Водки-то у деда оказалось немного, осталась от 9 Мая, когда два однополчанина к нему приезжали, хотя и служили вместе после войны. Ну, и я открыл свою сумку, достал коньяк. А пока доставал, диск, что вручили мне на Савеловском рынке Москвы, выпал.
Пронский поднял и разглядев, хмыкнул:
- Что-то не разберу, что за фильмы? Неблаговидные, развратные, а Коль?
- Да что ты, дед, - смеюсь, - не пацан. Сам ещё не знаю.
- Ну, прочитай, что там?
- «Вернувшийся с Того Света». Это название такое.
- Ух, ты, американцы сняли?
- А кто же? Американцы сытый народ, фантазий с избытком на полный курсак. Это так на востоке живот называется.
- Точно! Давай ещё по рюмочке, а я тебе ещё чесночок из плова не подавал? Ох, и хорошо пойдёт! Да ты пробуй, бери!
Выпили, действительно, хорошо чеснок разморился в рисе.
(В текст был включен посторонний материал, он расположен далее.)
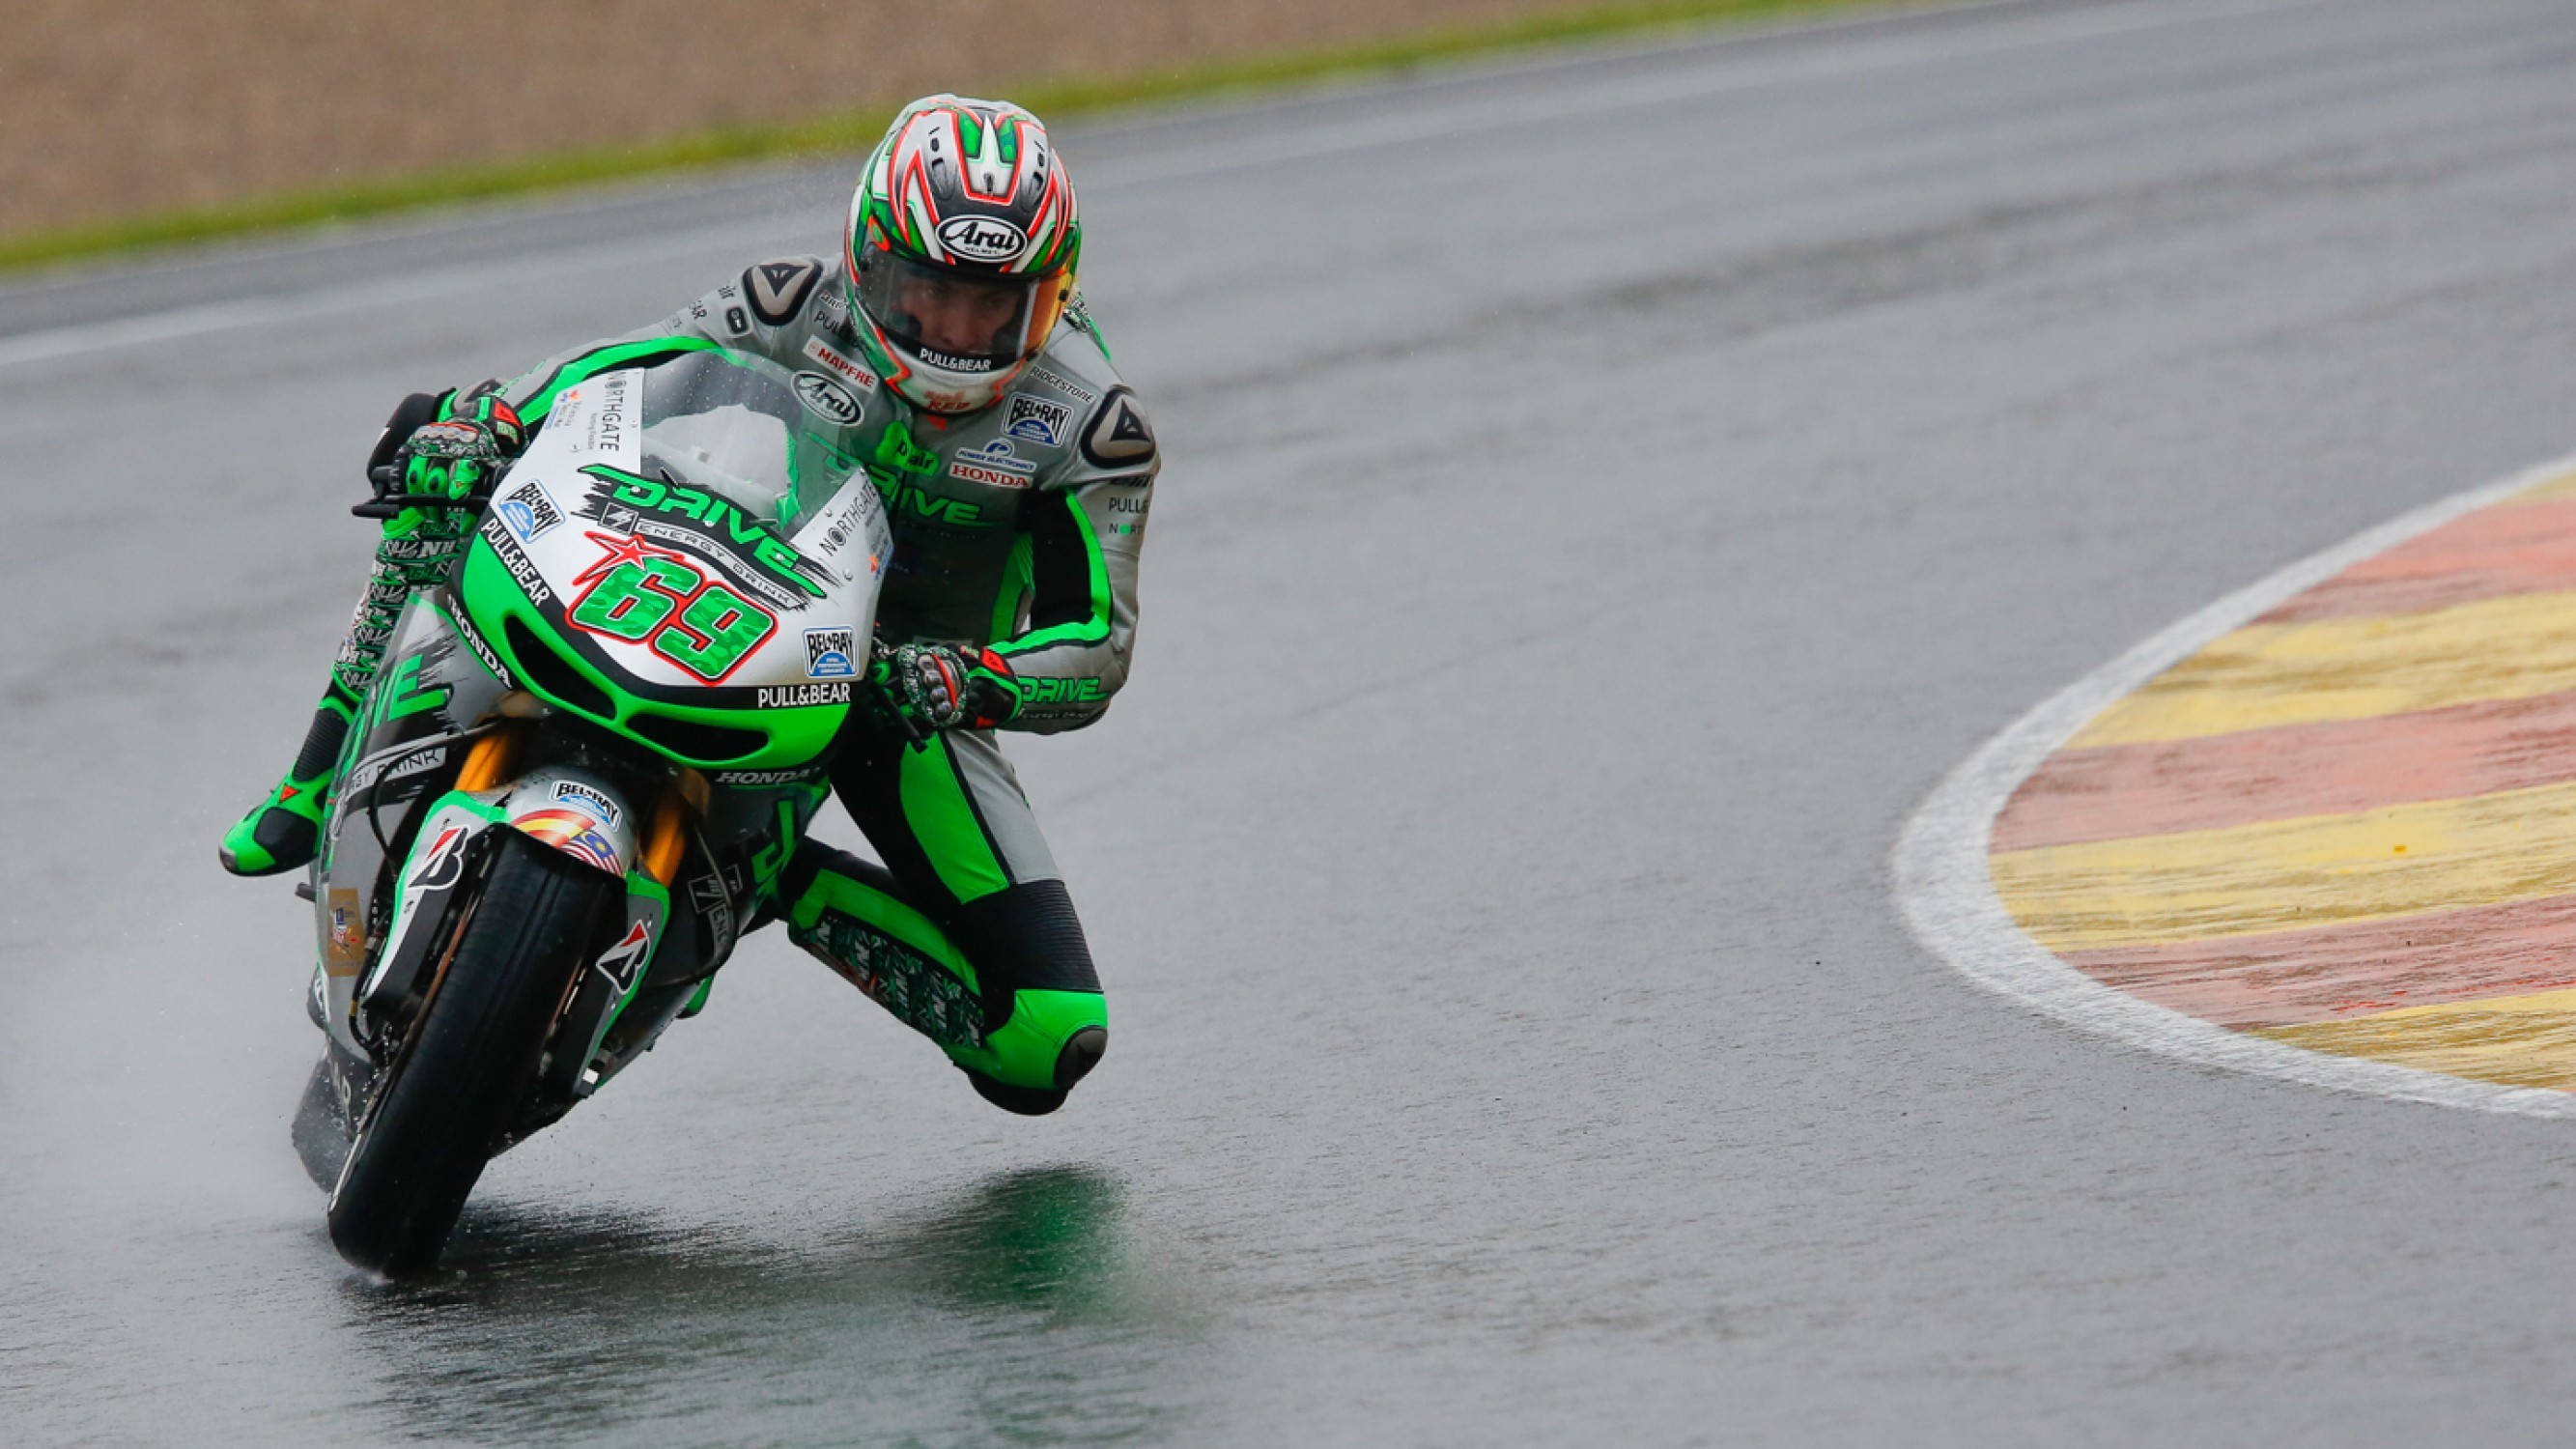 Nicky Hayden Racing In The Rain - Nicky Hayden Race Bike , HD Wallpaper & Backgrounds

Отличная закуска!
- Вот они фильм сняли, а что за картина? - дед ткнул пальцем в диск, и закатил глаза к потолку. - А ведь я бывал Там. На полном серьёзе!
- Где это, Там? – не понимаю. – Коньки отбросил, а потом вернулся?
- Два дня по райским кущам бродил, - засмеялся Пронский. – Был самое что ни на есть неживым.
- Два дня? Ну, Герман Степанович, это вы загнули. Мозг, известно, гибнет в первые часы после смерти… а там, если человек и начнёт жить, то как растение. Кому он такой нужен?
- Не веришь? По каким-то часам судишь? А вот, смотри на мои волосы? Мне было 45, когда я стал белым как лунь, а сейчас где седина? Уходит безвозвратно! Вот загадка!
Я кивнул, протянул ладони вперед, как бы успокаивая рассказчика. Мол, верю!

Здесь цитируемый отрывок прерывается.